I could not disable it, as long it would lead to false positive replaces, but you can mitigate the problem by "registering" component - babel plugin does it for "top level" variables.

Is your component defined on a top level?

@atombender
Copy link
Author

Not sure what you mean by registering. The component that made me discover this issue isn't the top level one, but it's embedded two levels down or so from the root.

@theKashey
Copy link
Collaborator

That's not about module structure, only about you ability to "export" some component from a file.

//anyFile.js

// module top level variable
const iAmOnTopLevel = () => <div>aha</div>;

// component would be created inside HOC, ie not "top level". 
const likeAHOC = (Component) => () => <div>and this one is hidden inside</div>

Levenshtein tests is applied only for that "hidden" inside another functions components. Should be called veeeery rarely.

@atombender
Copy link
Author

atombender commented Oct 26, 2018

I see. The component in question is within two HOCs:

import React from 'react';
import PropTypes from 'prop-types';
import {connect} from 'react-redux';
import {withRouter} from 'react-router';

export default withRouter(
  connect(state => ({
    loginSessionState: state.loginSession,
    feeds: state.feeds.models
  }))(
    class GlobalNavigation extends React.Component {
      // ...
    }));

@theKashey
Copy link
Collaborator

As long it is not created inside HOC, but would be a given some props by HOC - just extract class declaration outside of connect, and call it a day

// a top level variable!
class GlobalNavigation extends React.Component {
      // ...
 }

export default withRouter(
  connect(state => ({
    loginSessionState: state.loginSession,
    feeds: state.feeds.models
  }))(GlobalNavigation));

@VinSpee
Copy link

VinSpee commented Oct 26, 2018

Hi! I'm seeing some 100% CPU issues as well when hot-reloading.

@meinders
Copy link

meinders commented Dec 21, 2018

I'm experiencing something similar here (react-hot-loader@4.3.12), but on a component that shouldn't be 'hidden' as far as I can tell, since it's a default export:

export default class PropertyPage extends React.Component
{
	render()
	{
		// about 52k of code (after babel/webpack)
	}
}

When reloading, haveTextSimilarity calculates the Levenshtein distance on the old and new code of the render function (why?). Both strings are about 52k characters long (non-minified).

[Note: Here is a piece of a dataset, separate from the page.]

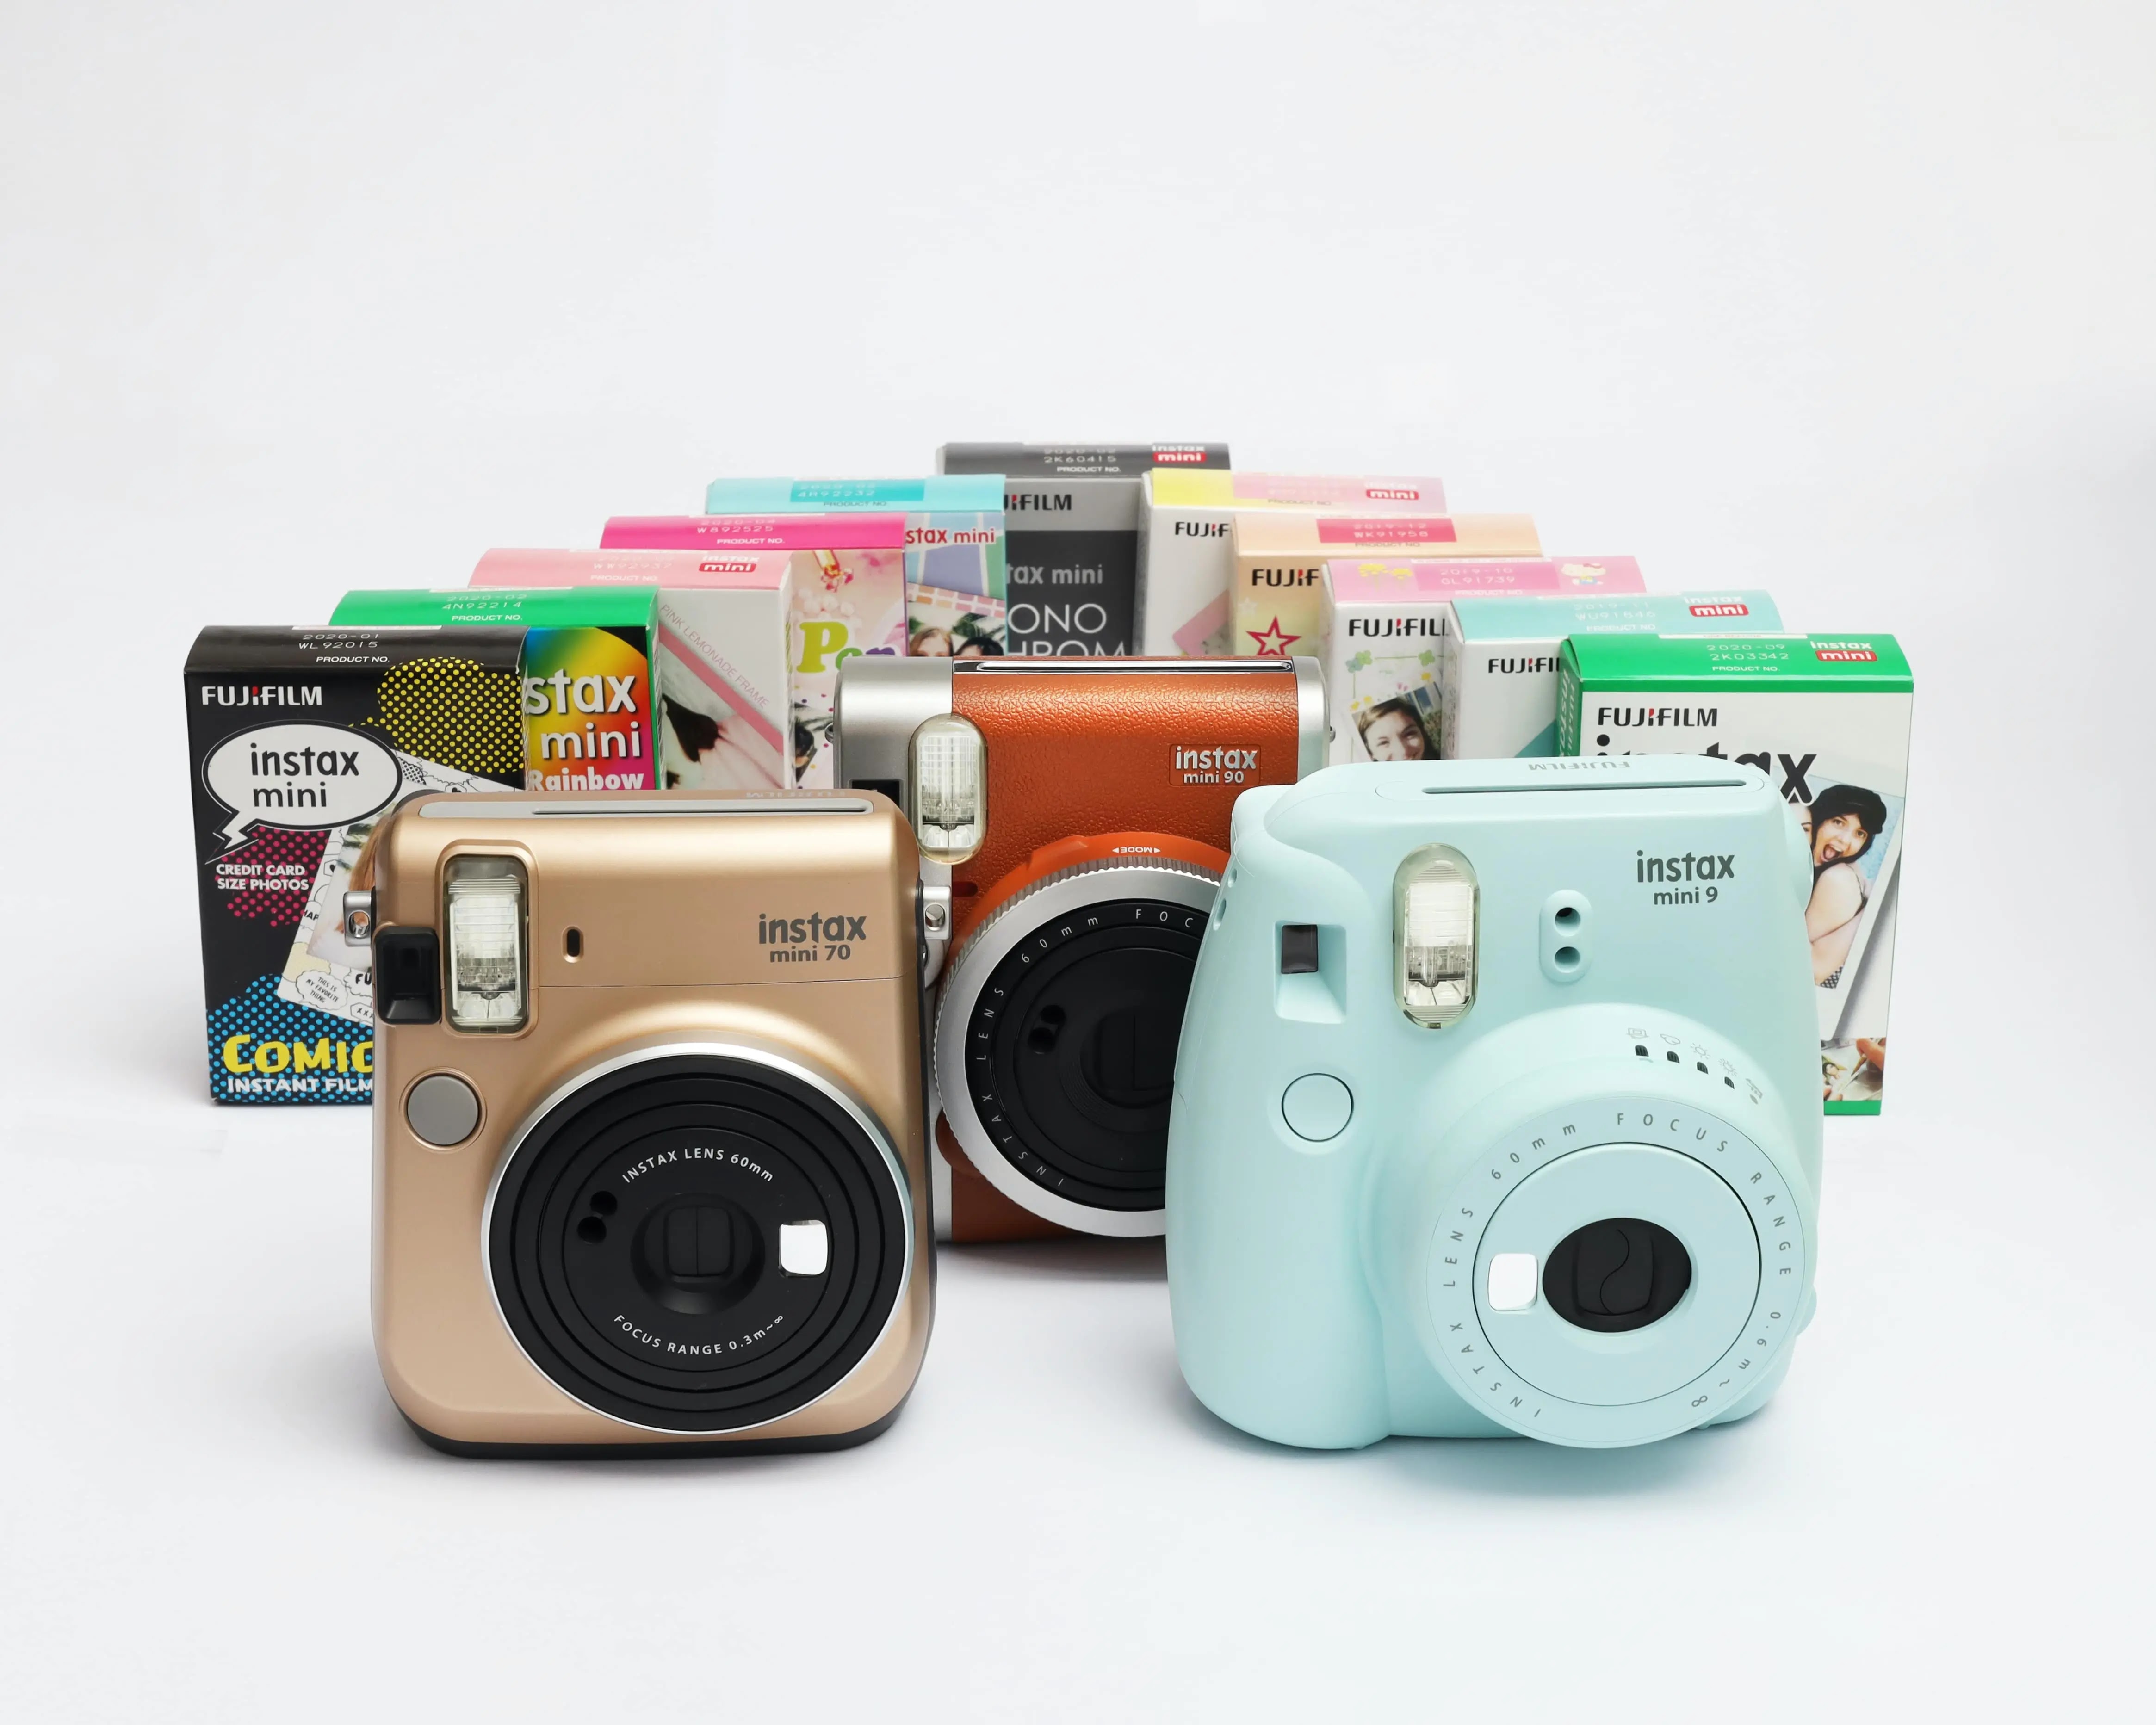 Fuji Film Instax Camera,fujifilm instax camera review

From what I read the Levenshtein distance is not O(n) but O(n^2). I did a quick benchmark with two variations of a random string, 52k characters long, with a Levenshtein distance of 1. This takes 45 seconds, run from Node.

It doesn't seem like a good idea to use such a costly function when hot reloading large pieces of code.

@atombender
Copy link
Author

atombender commented Dec 21, 2018

Indeed. I haven't had time to go back to this issue, but it's bit me several times recently, and I'd like to see it fixed.

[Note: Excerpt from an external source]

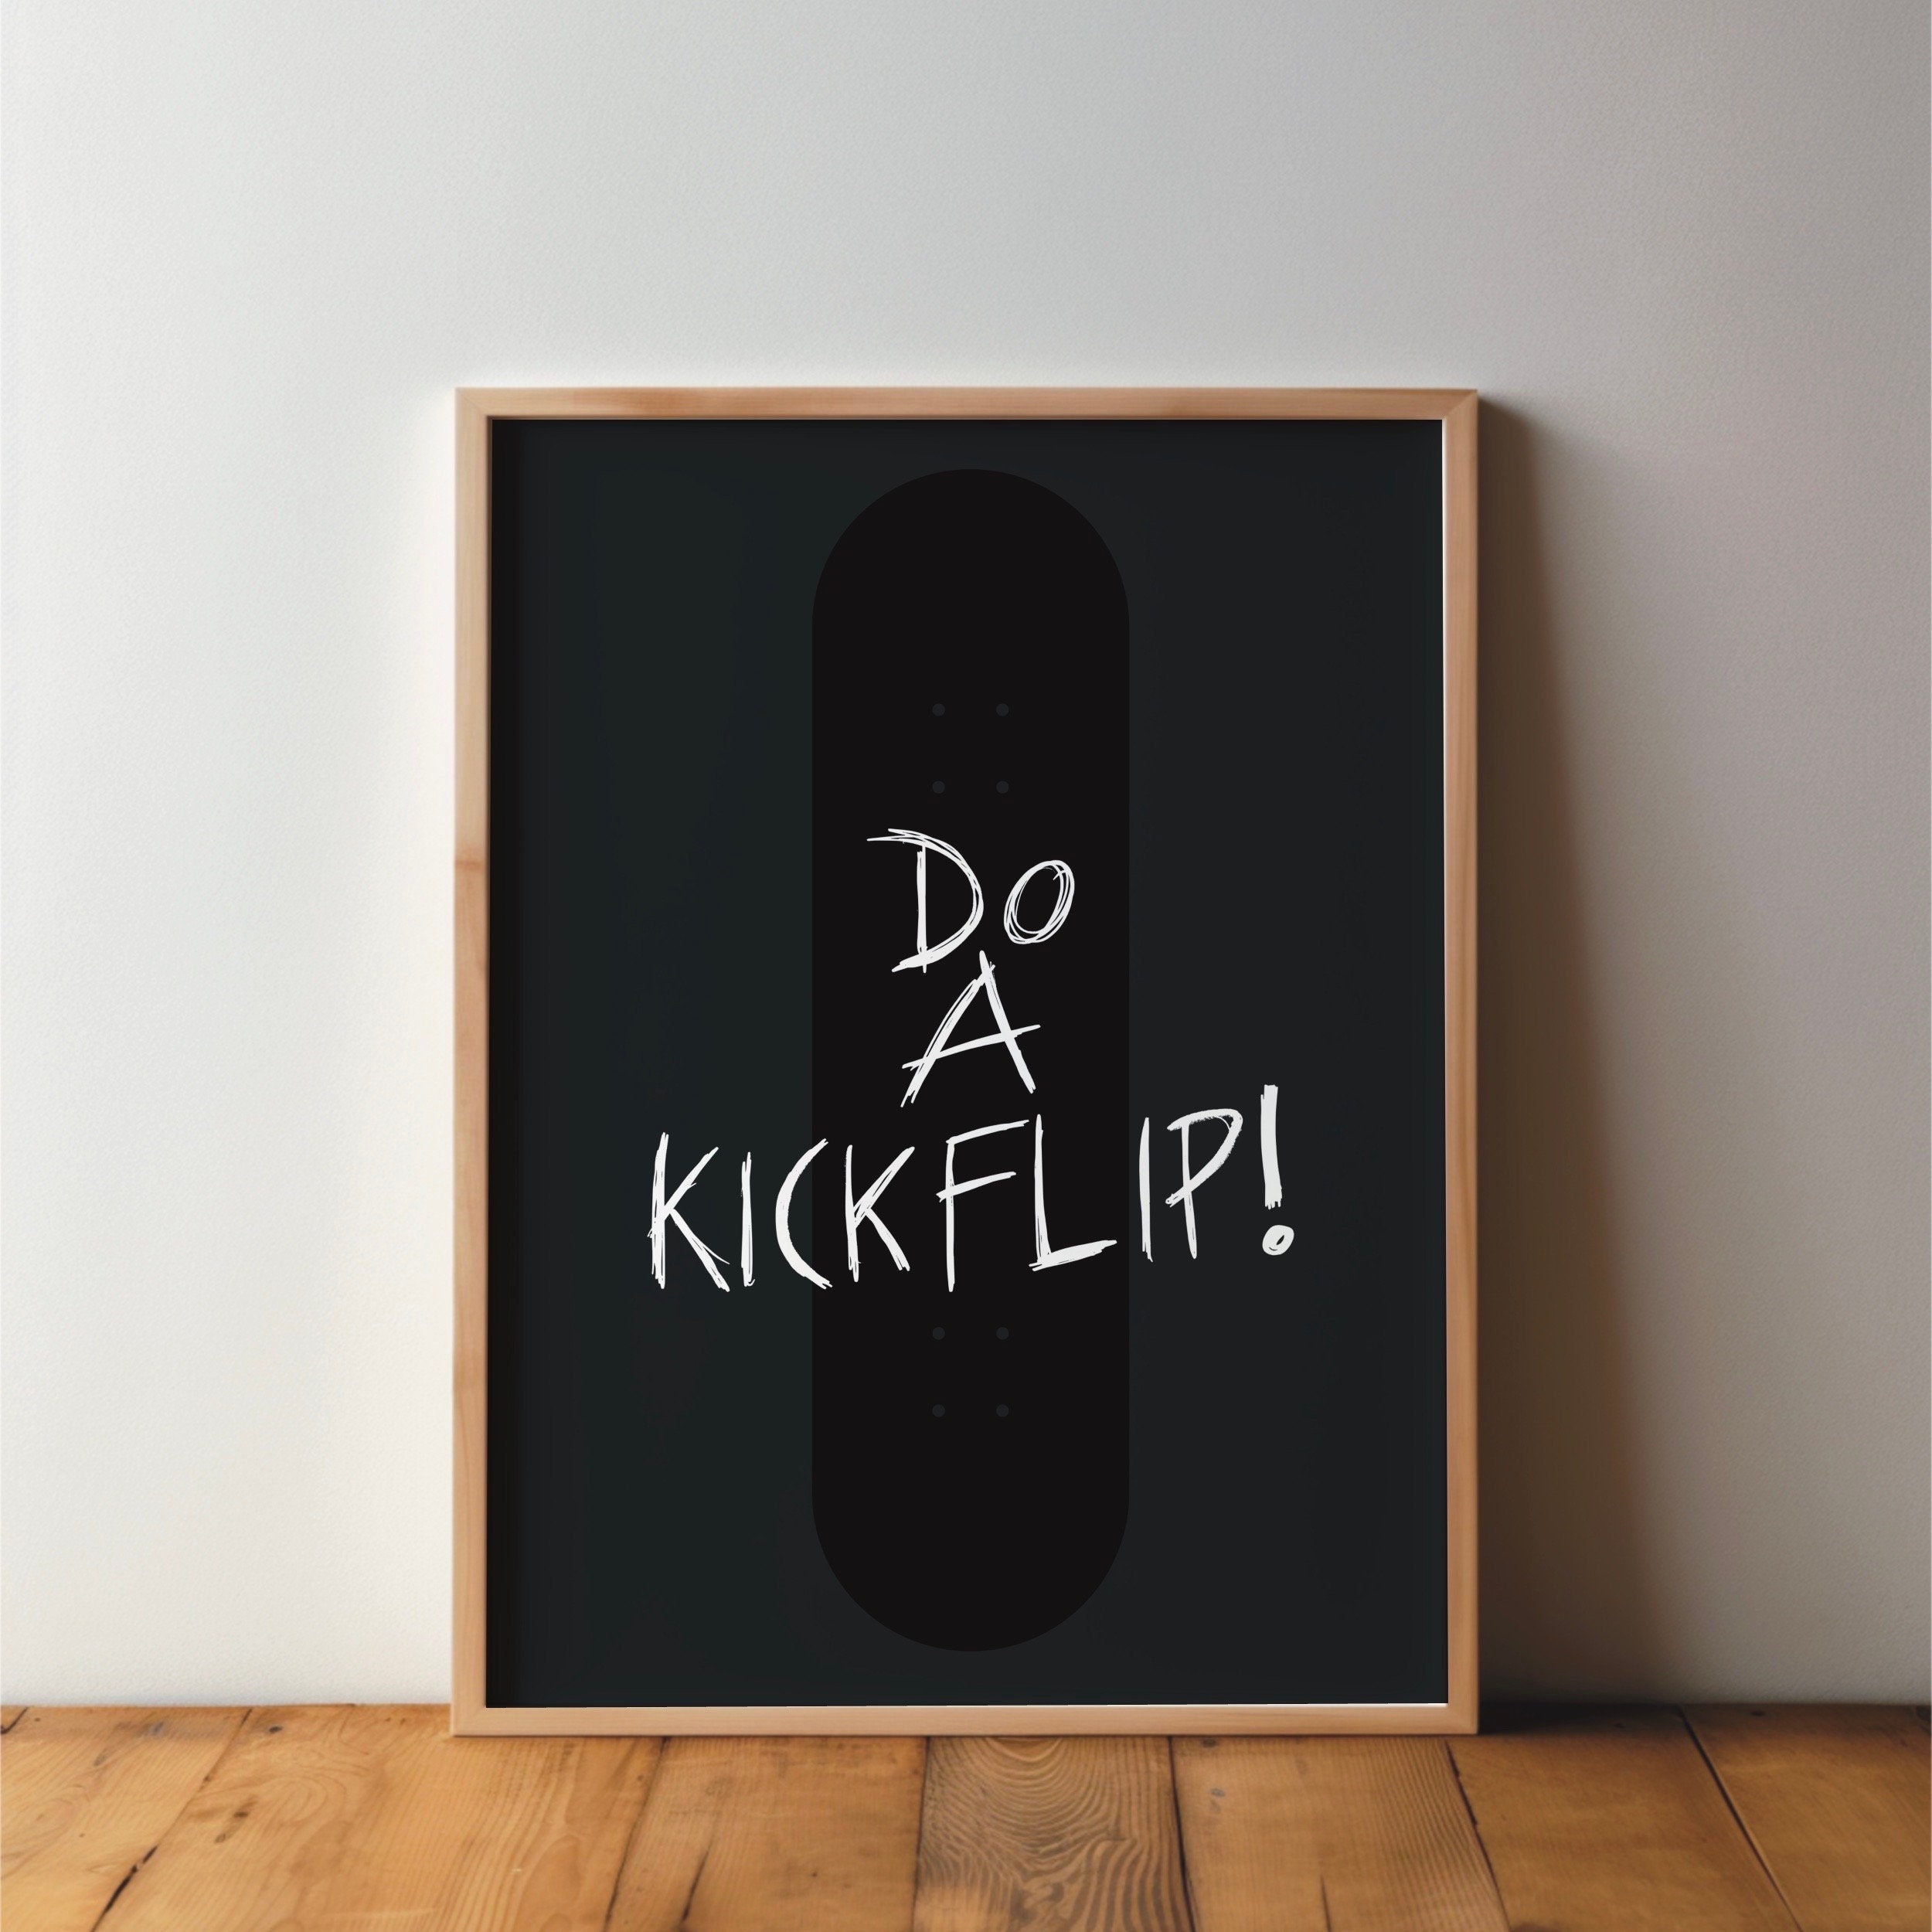 Do a kickflip! : r/meme

A stupid but very effective fix would be to revert to a string equality check if the combined size of the strings exceeds a certain number. The danger of false positives is moot when you can't even get a result.

Levenshtein has different complexities depending on what algorithm is used. I doubt the one used here is O(n), not just because that's difficult to achieve, but also because clearly the performance drop we are seeing isn't linear.

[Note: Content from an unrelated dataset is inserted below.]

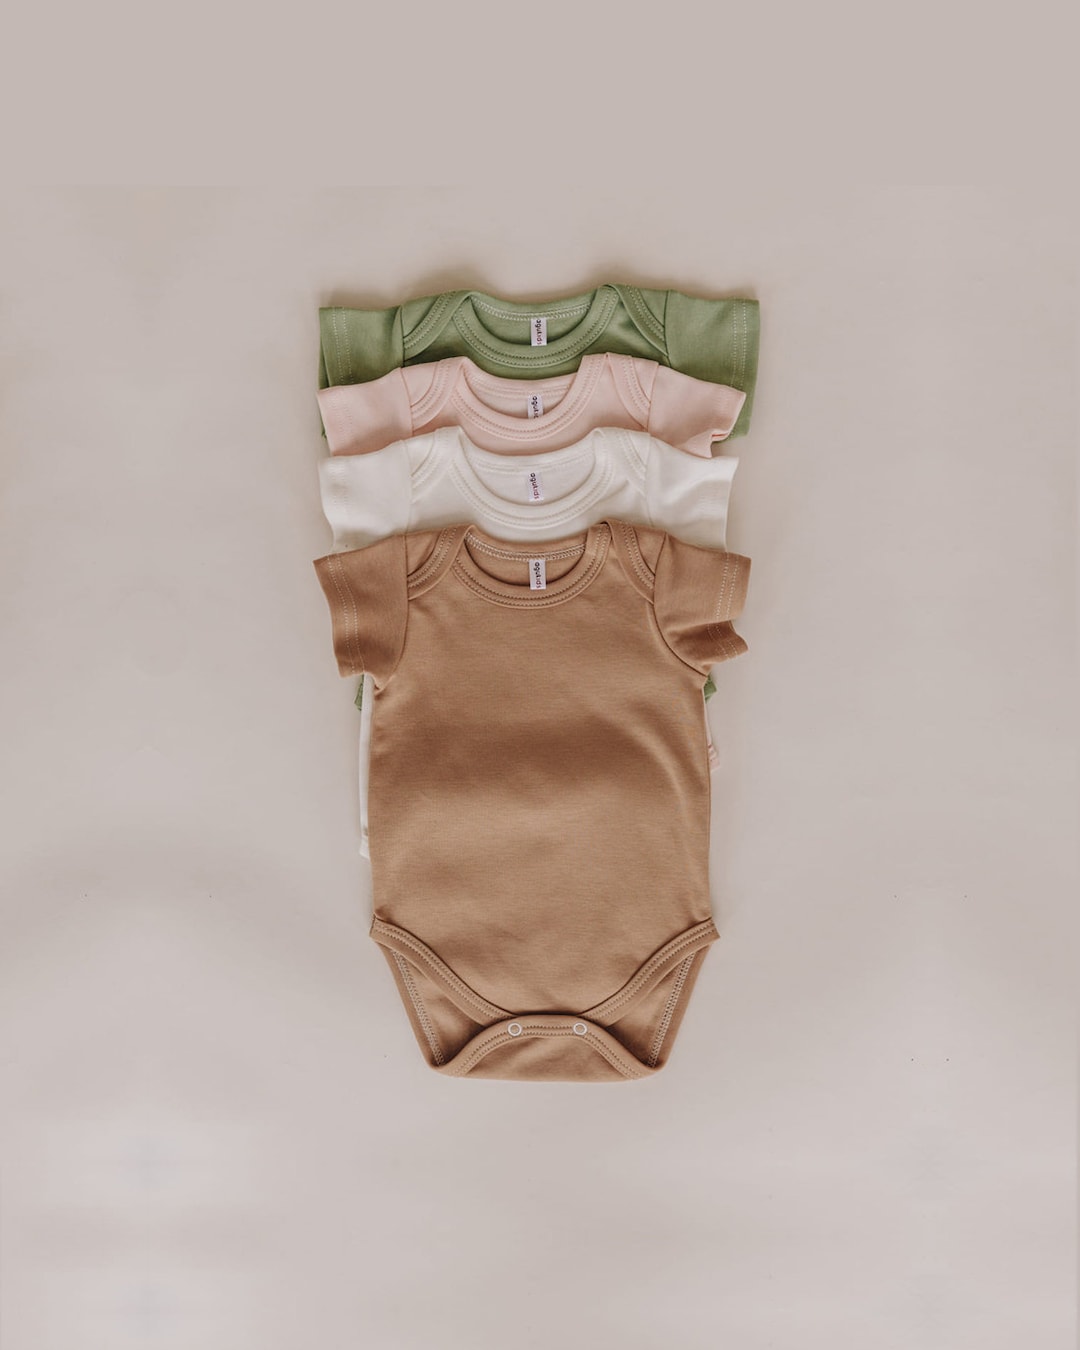 rubber duck' Organic Short-Sleeved Baby Bodysuit

The matrix method, which requires n * m bytes of space to hold the matrix, is the cheapest, as good as O(n + m), I believe.

But if you're only interested in checking if the distance exceeds a specific number, and you only need an approximation, there is a much faster algorithm, which should be O(n^(1+d)) in time, where d is the maximum distance. No idea if anyone has implemented in JS.

@kromit
Copy link

kromit commented Jan 10, 2019

I can confirm that it is not linear. I have a large form that takes 6.5 seconds to check with haveTextSimilarity. Any half of the same form is almost instantly re-rendered.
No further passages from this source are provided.